Communist Party leader Vojtech Filip has called on Culture Minister Daniel Herman to resign for “repeatedly breaking his oath of office”. The party leader accused Mr. Herman of lying when he said the president had crossed his uncle, Holocaust survivor George Brady, off the list of nominees for a state award and he once again criticized him for having attended the annual conference of the Sudeten Sudeten-German Landsmannschaft in Nuremberg in May of this year. At the meeting Culture Minister Herman expressed regret over the injustices that had broken up long years of fruitful coexistence between the nations, speaking both about the crimes of the Nazi regime as well as the violent acts of revenge committed during the post-war transfer of ethnic Germans from Czechoslovakia. The Communist Party leader said Herman’s actions damaged the country adding that if he did not resign of his own accord he would ask the prime minister to recall him. Culture Minister Herman, who attended the Landsmannschaft meeting as an official representative of the Czech government, lashed back, accusing the Communist Party of trying to raise its profile in the wake of its humiliating defeat in October’s Senate and local elections.
MPs from the Platform for Preserving European Culture want the Czech Republic to adopt legislation which would prevent radical Islamic priests from being allowed to preach in the country. They have put forward a draft bill according to which foreign priests who wish to be active in the Czech Republic would have to undergo schooling on the Czech legal and cultural environment. The bill is reportedly tailored according to Austrian and Danish legislation, which also sought to bring radical priests under greater state control. At the end of August the Czech intelligence services reported they were investigating an imam formerly active in Prague who had apparently tried to radicalize the Czech Muslim community.
One of the country’s last surviving WWII veterans, Colonel Bedřich Opočenský, has died at the age of 92. The news was confirmed by Defense Minister Martin Stropnický. Colonel Opočenský fought on the Eastern Front in World War II, taking part in the Battle of Dukla Pass and the liberation of Ostrava. According to Defense Minister Stropnický, just two weeks ago the government approved a proposal for him to be raised to the rank of general on the occasion of Veterans Day, November 11.

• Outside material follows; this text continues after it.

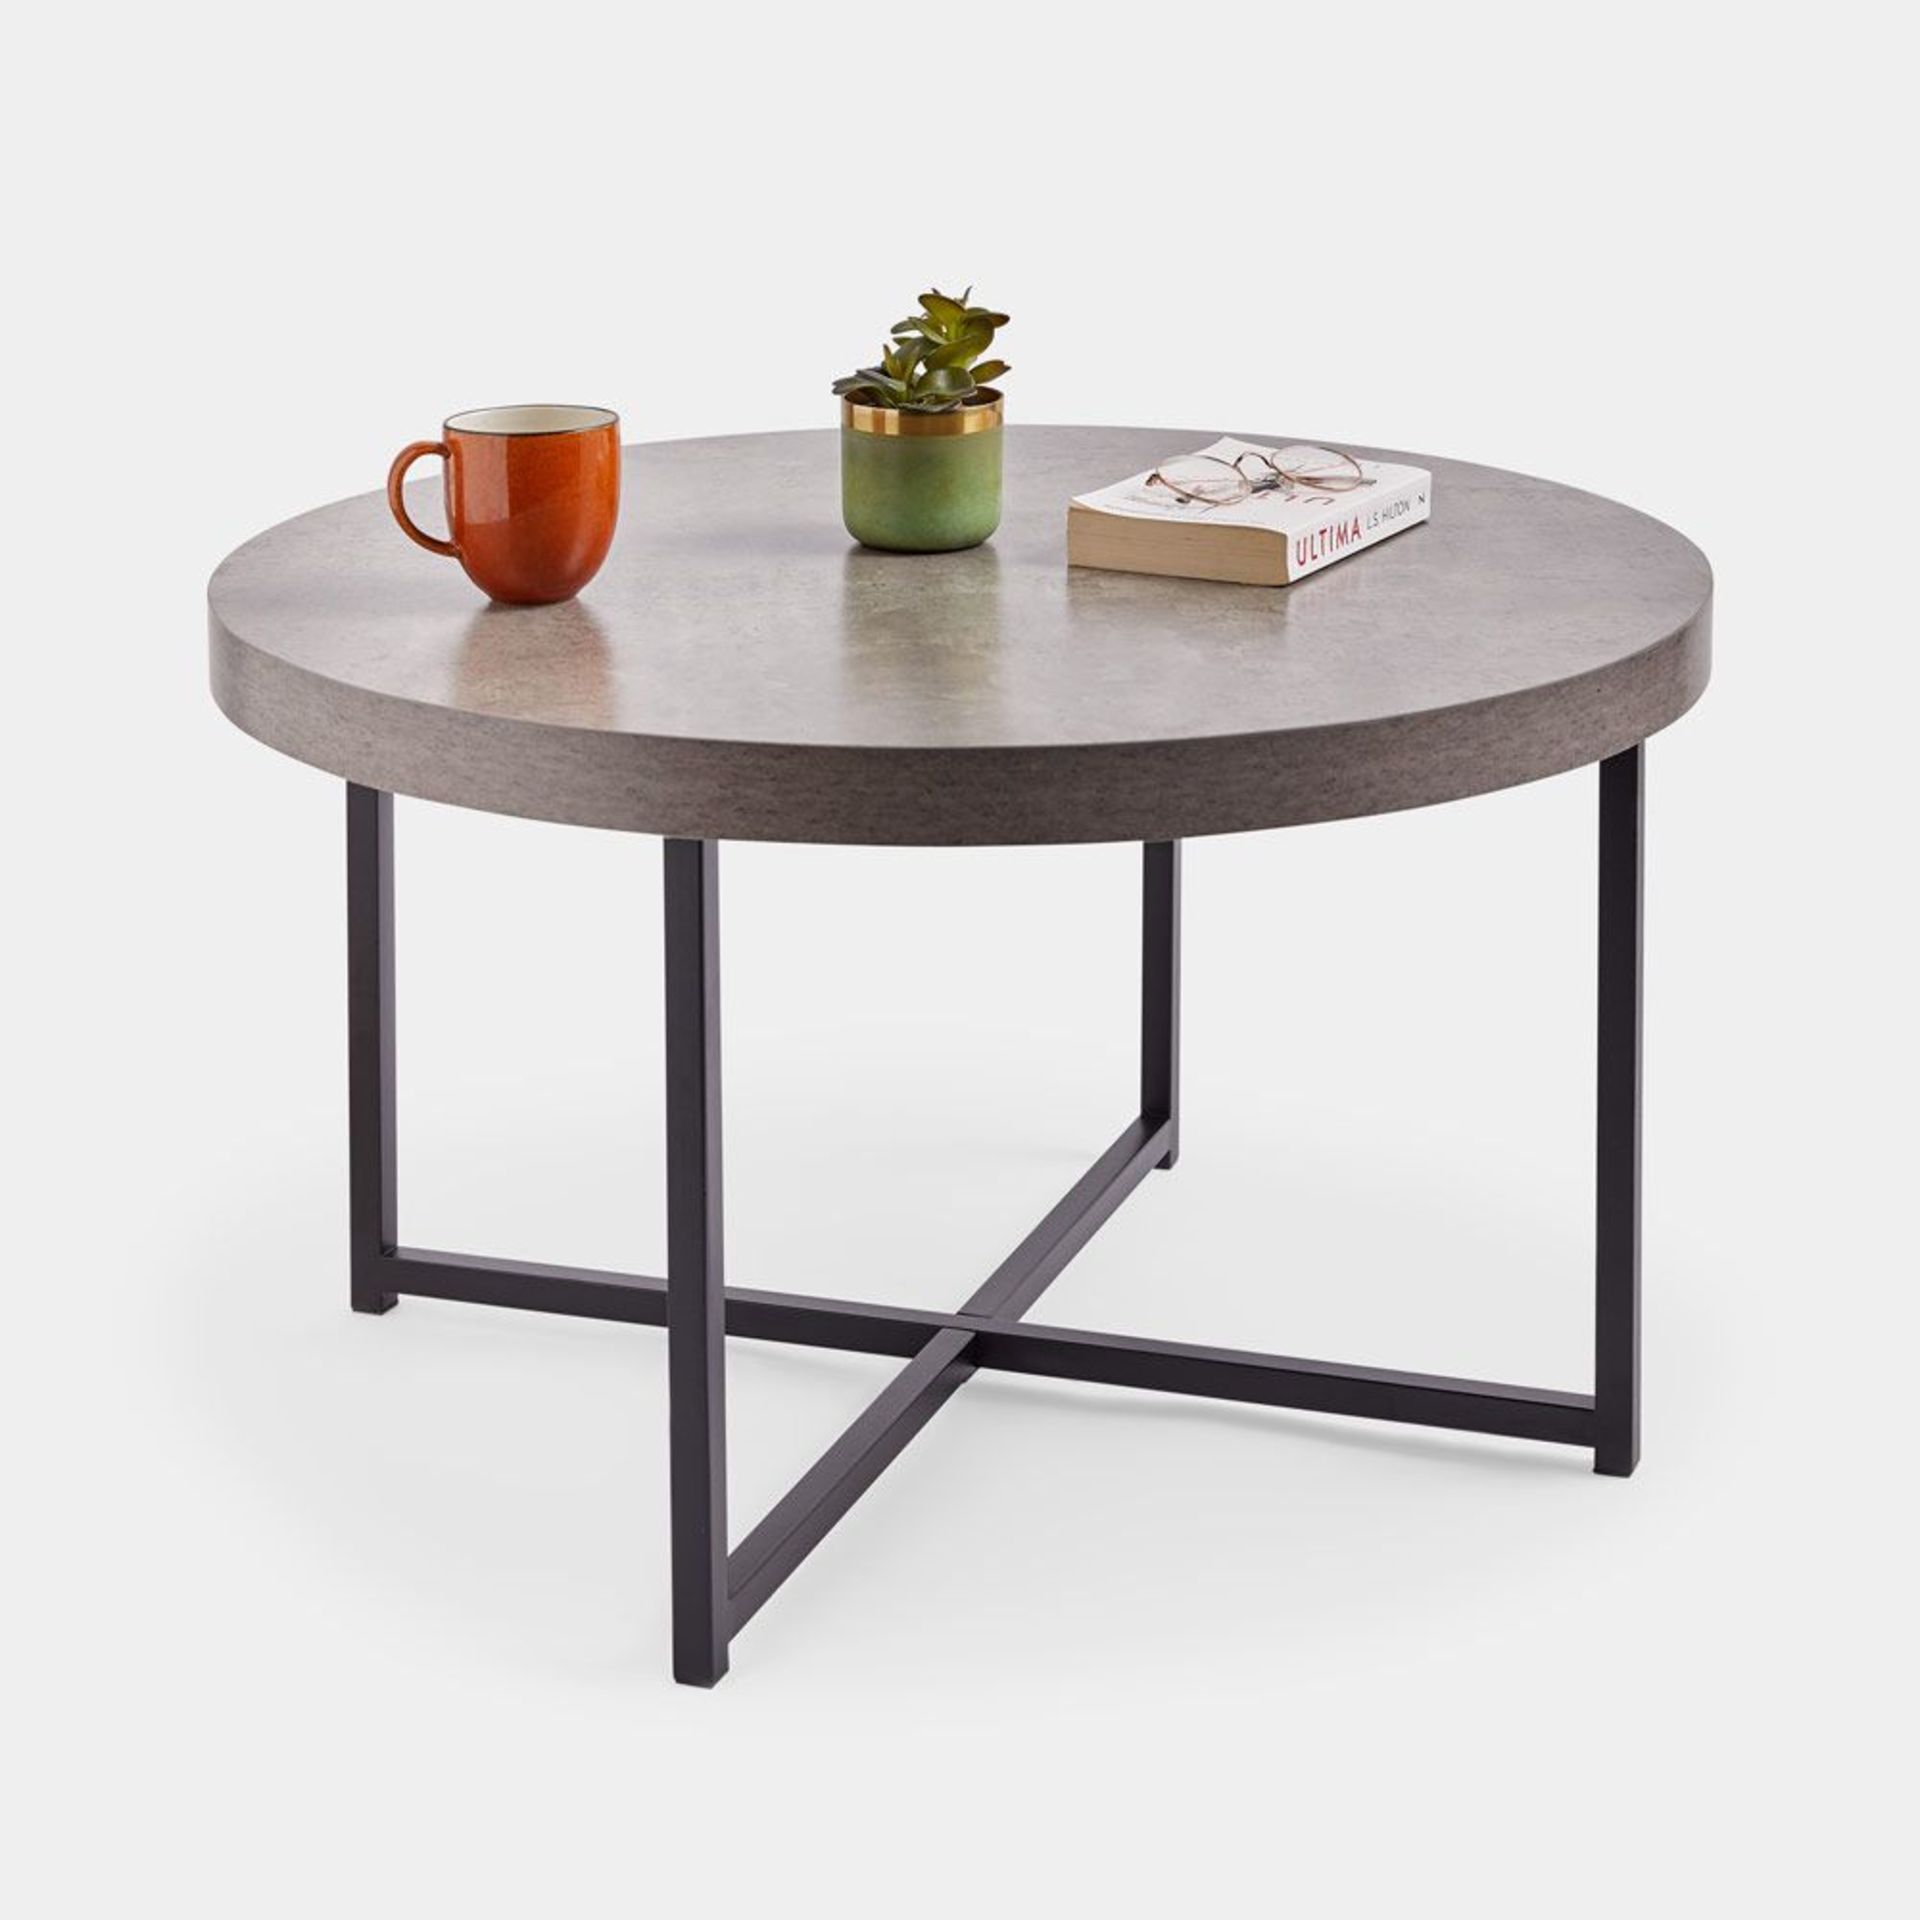 Concrete Effect Coffee Table. - BI. Industrial, urban style with lightweight construction – this

Twelve stores violated the law by selling goods to customers on a public holiday, the Czech Inspection Office reported on Saturday following checks around the country on October 28. In line with a new law outlets bigger than 200 square meters must remain closed on eight public holidays, among them Czechoslovak Independence Day, Christmas, Easter Monday and May 8. Violation of the law can be fined by up to one million crowns (37,000 euros). Some stores in Prague stayed open for PR events on the day. According to a poll conducted by the Median agency the majority of Czechs do not have a problem with this, but some entrepreneurs have argued it could lead to lay-offs.